The troika’s concern about the credit drought suggests that bank restructuring will be delayed

The so-called troika (the European Central Bank, the International Monetary Fund and the European Commission) has sent a mission to the Spanish banking sector, and from the questions they are asking we can deduce that they have serious and well-grounded concerns about the persistent lack of credit for small- and medium-sized enterprises (SMEs). This is understandable, because the recapitalization of Spanish banks — which was promoted by the troika itself, and took the form of a line of credit amounting to 100 billion euros of European money — was aimed at shoring up balance sheets and facilitating the flow of credit needed by SMEs. So far this effort has been a failure. The figures show that lending is still practically stagnant, while even the most optimistic forecasts put a return to normal credit conditions — something that is so vital for sustained economic recovery — until well into 2014.
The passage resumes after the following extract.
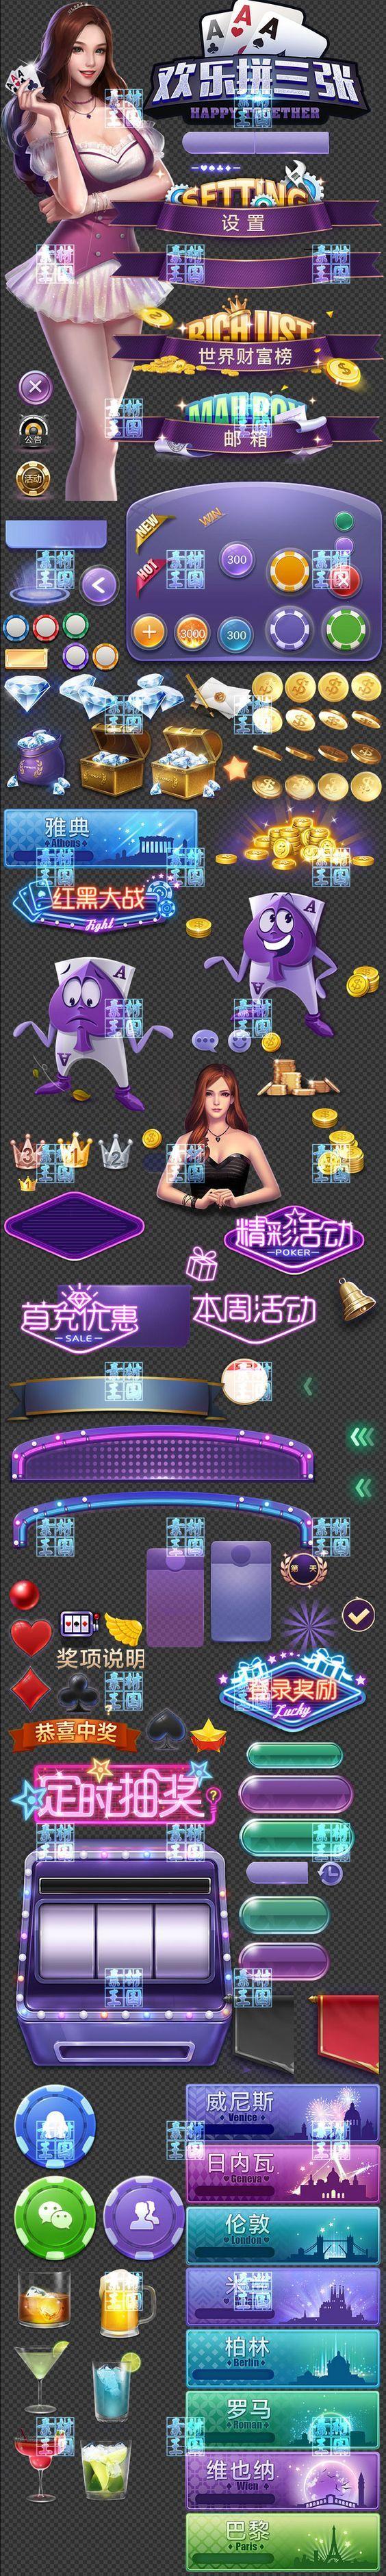 NEW欢乐拼三张/棋牌扑克赌博娱乐类/游...:
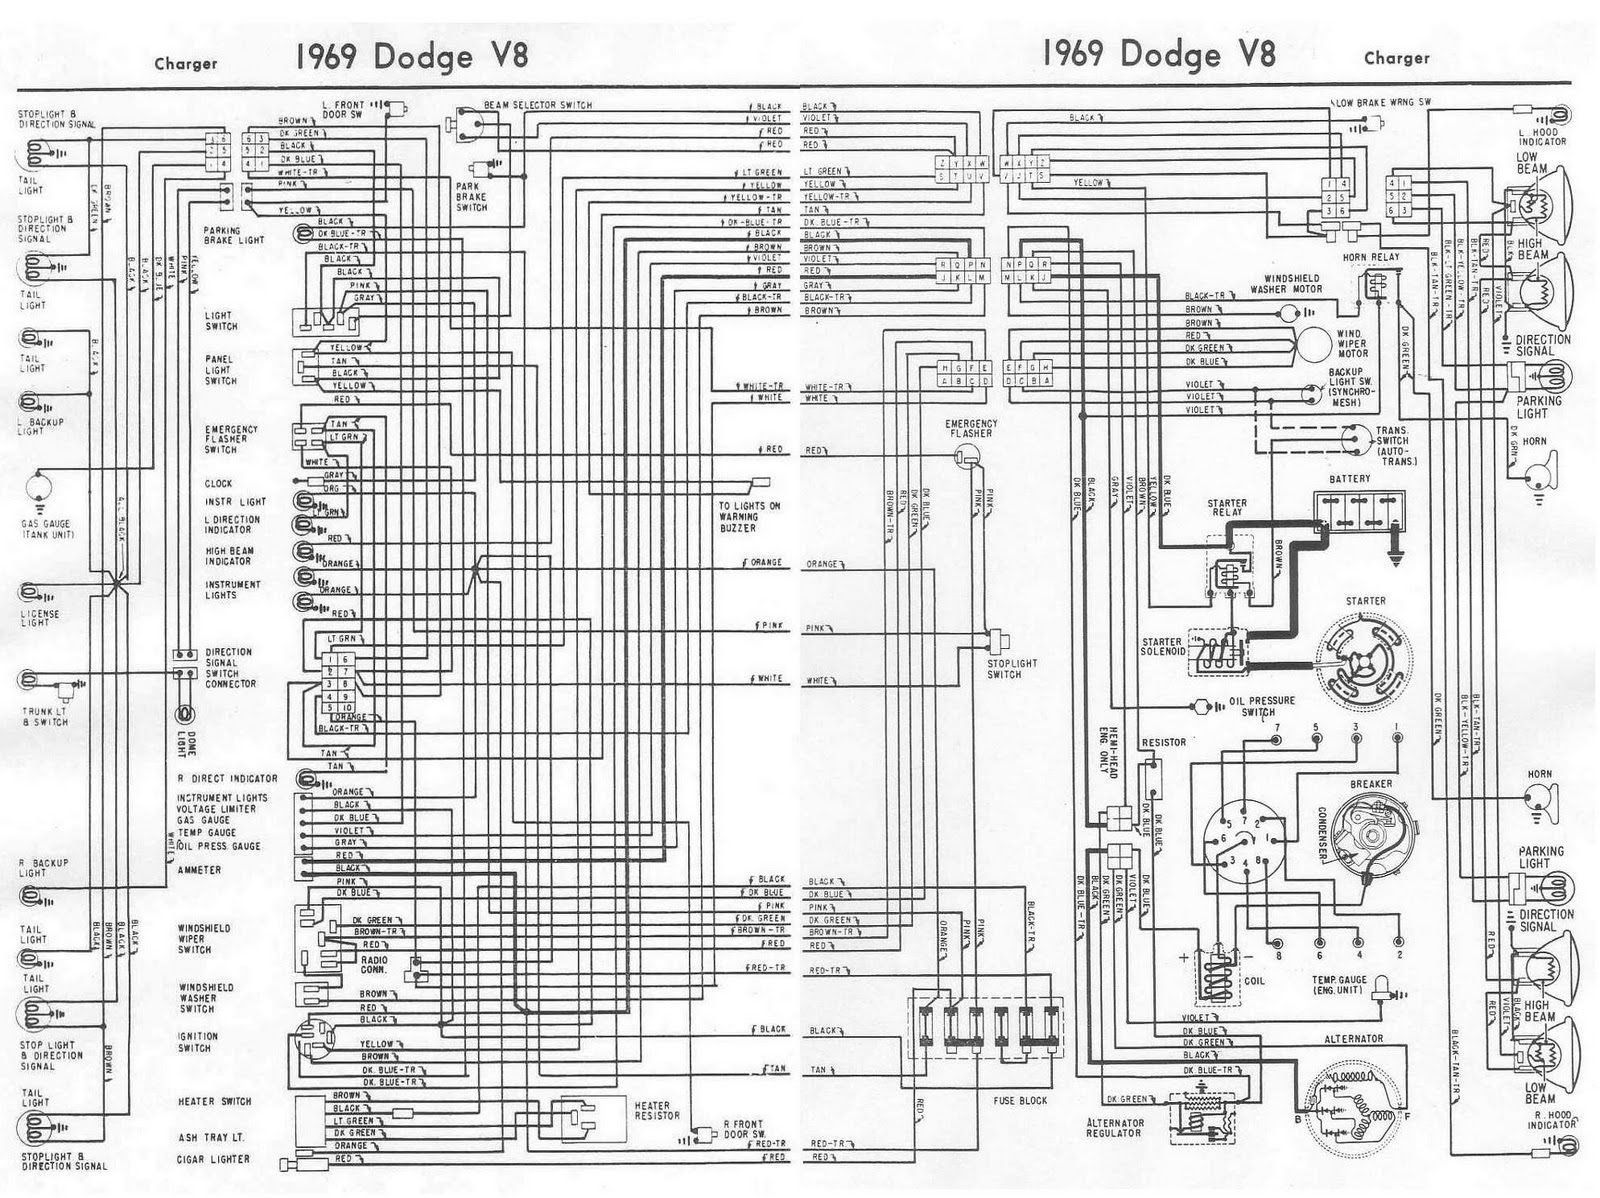 Testing Wiring Airstream Schematics Data Diagrams Wells Cargo Trailer Diagram Schematic Circuit Maker Ezgo

Without a thorough understanding of the underlying problems of Spanish banks, we run the risk of falling into a sterile exchange of accusations, in which the banks blame the recession for the absence of viable investments, and the companies point the finger at the banks for looking primarily at the safety of their balance sheets, at the cost of restricting credit. The Spanish banking sector is currently facing three thorny uncertainties — something the ECB and the IMF will surely detect and evaluate — that stand in the way of a successful outcome for the first round of recapitalization, and thus of credit normality. The first is the doubts about the conversion of the banking sector’s tax credits into capital; if this possibility is refused, the banks will be facing a problem of considerable dimensions.
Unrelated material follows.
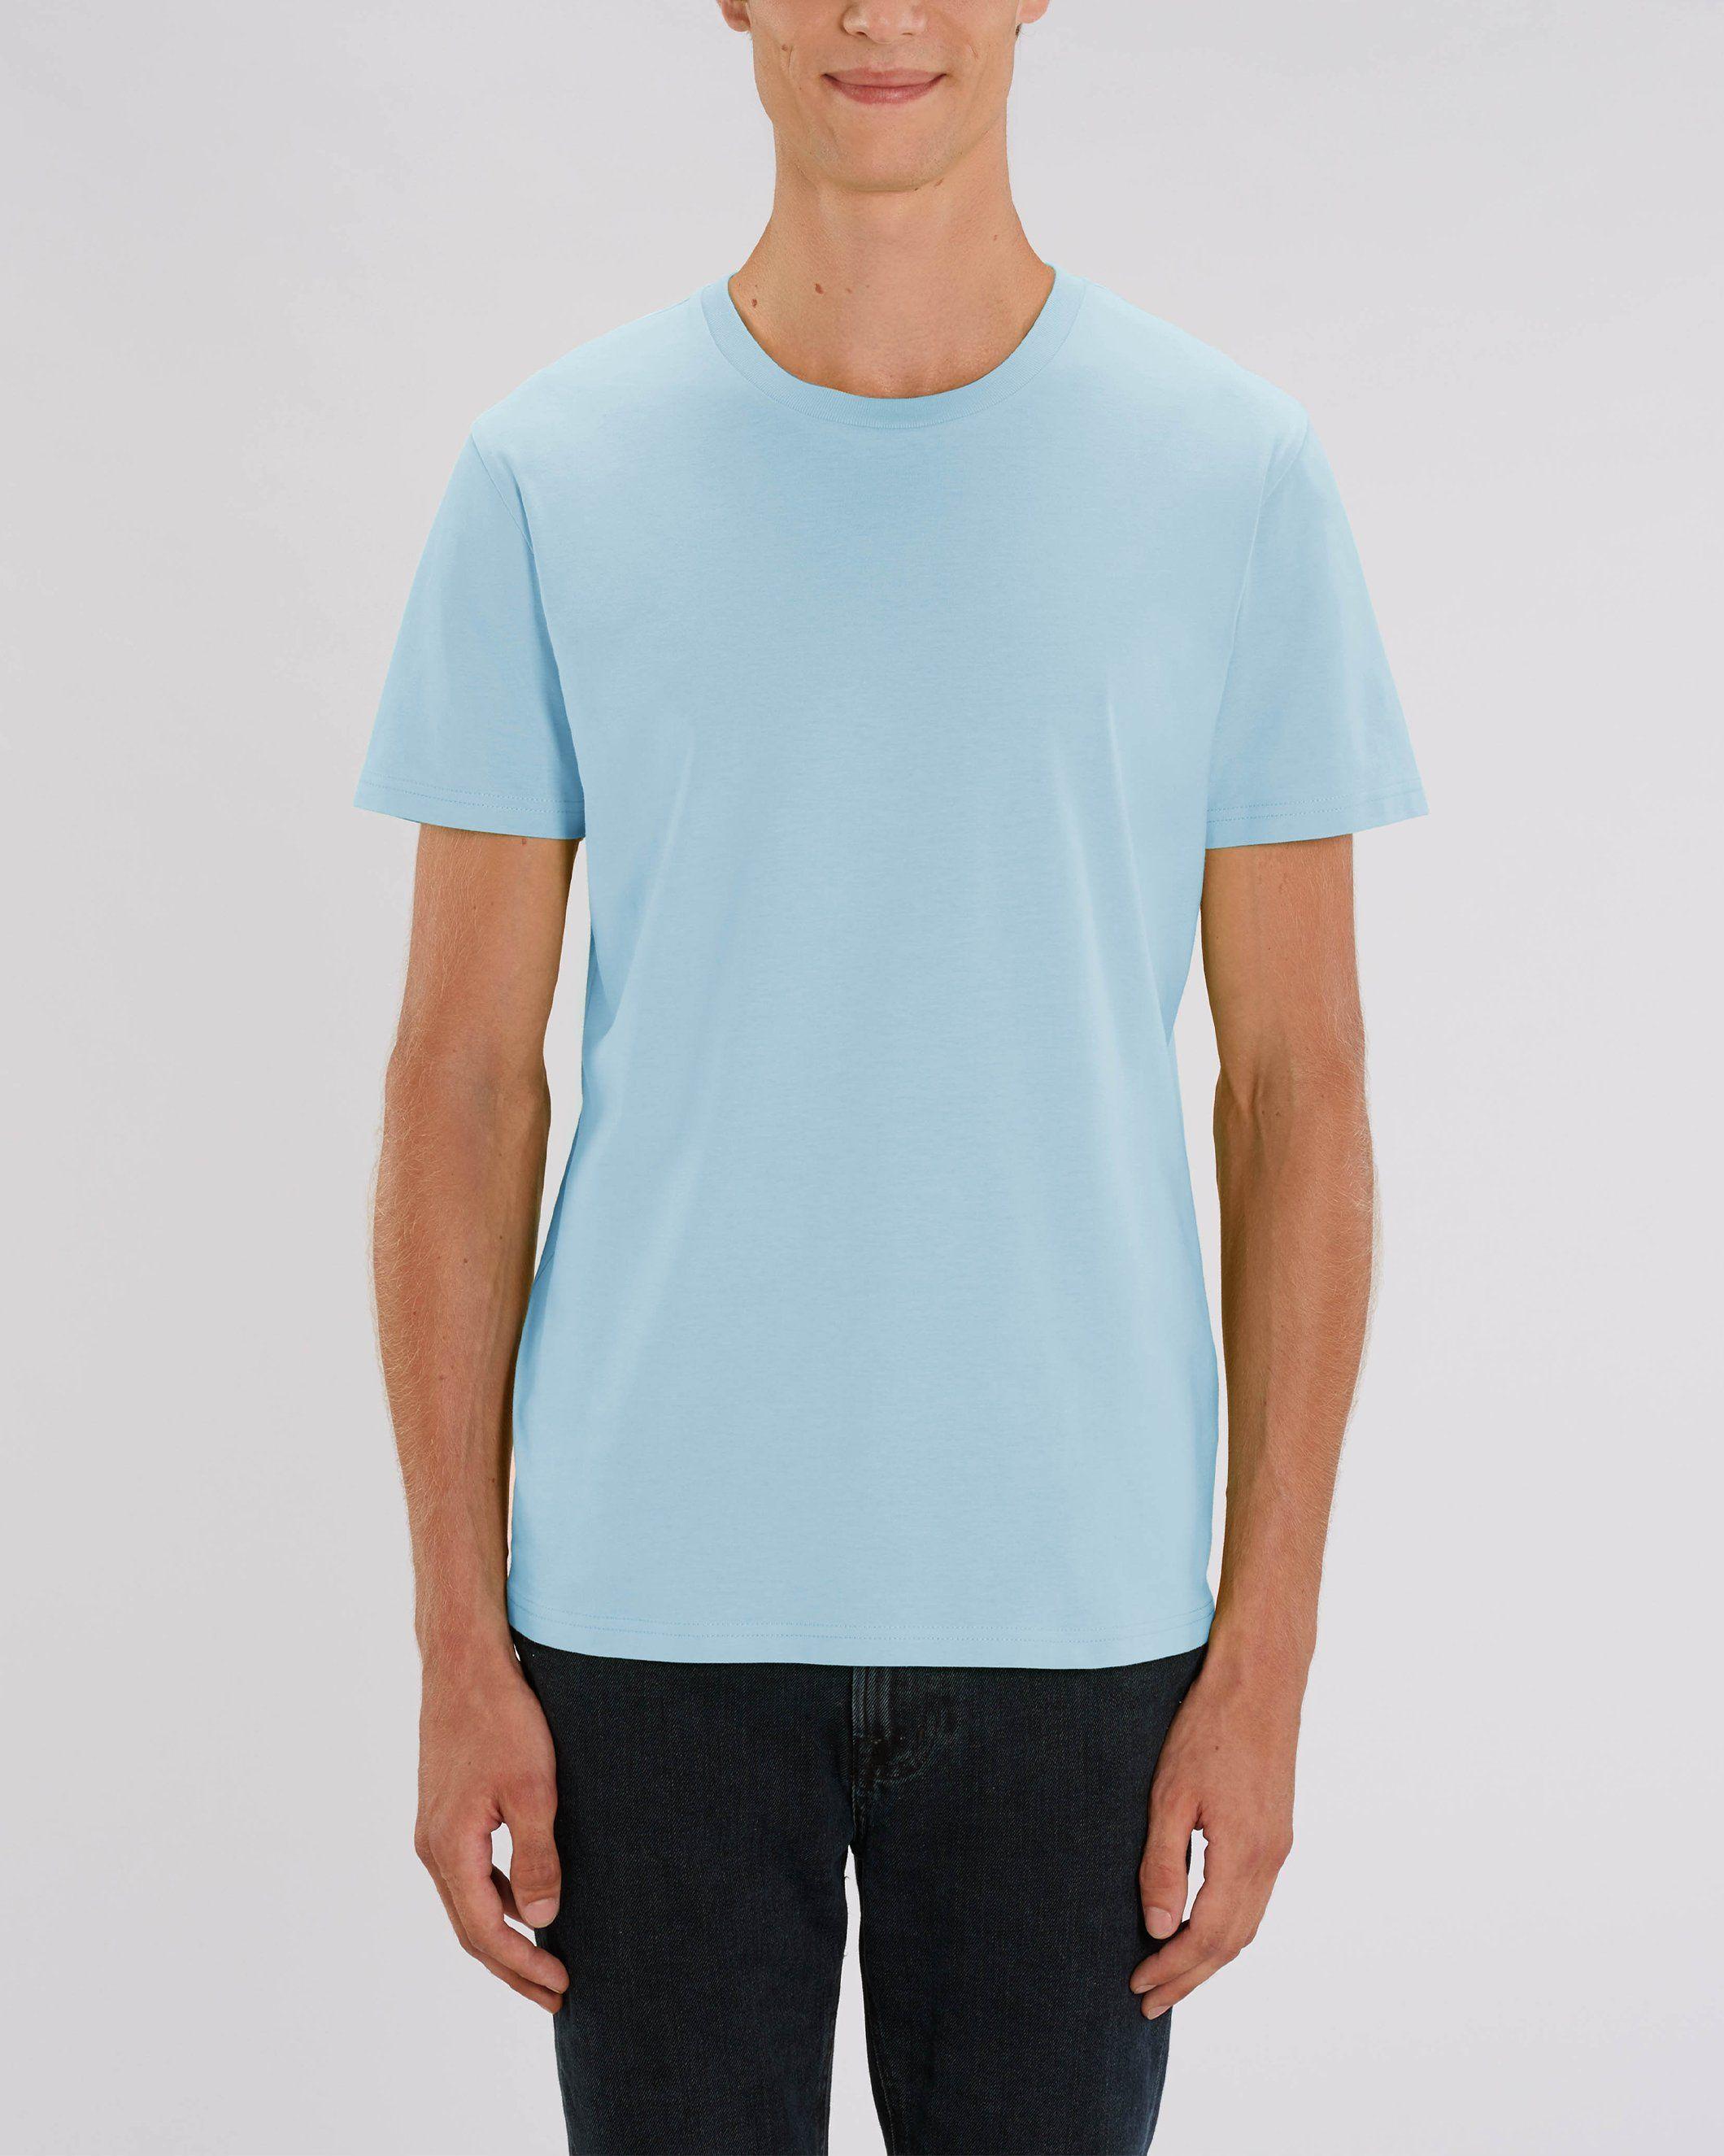 Nauli Unisex Regular Fit T-Shirt in Sky Blue

The second uncertainty has to do with refinanced loans, some of which are doubtful and some that will be simply impossible to collect. This will require further provisions, and new adjustments to the numbers. As was to be feared, the persistence of the recession has heightened the default rate, all of which does not bode well in the context of another difficult situation for the Spanish banking sector: the new stress tests now being prepared by the ECB for the beginning of next year.

Excessive optimism

The voices — official and otherwise — arguing that recapitalization has done away with the problems of the Spanish banking sector, appear overly optimistic. In view of the above-mentioned uncertainties — plus other relevant ones, such as the stagnation of margins and the sale of NovaGalicia and Catalunya Banc — the idea is gaining ground that the Spanish financial system is going to need another round of recapitalization. In this case the noose of deficit and debt will grow even tighter.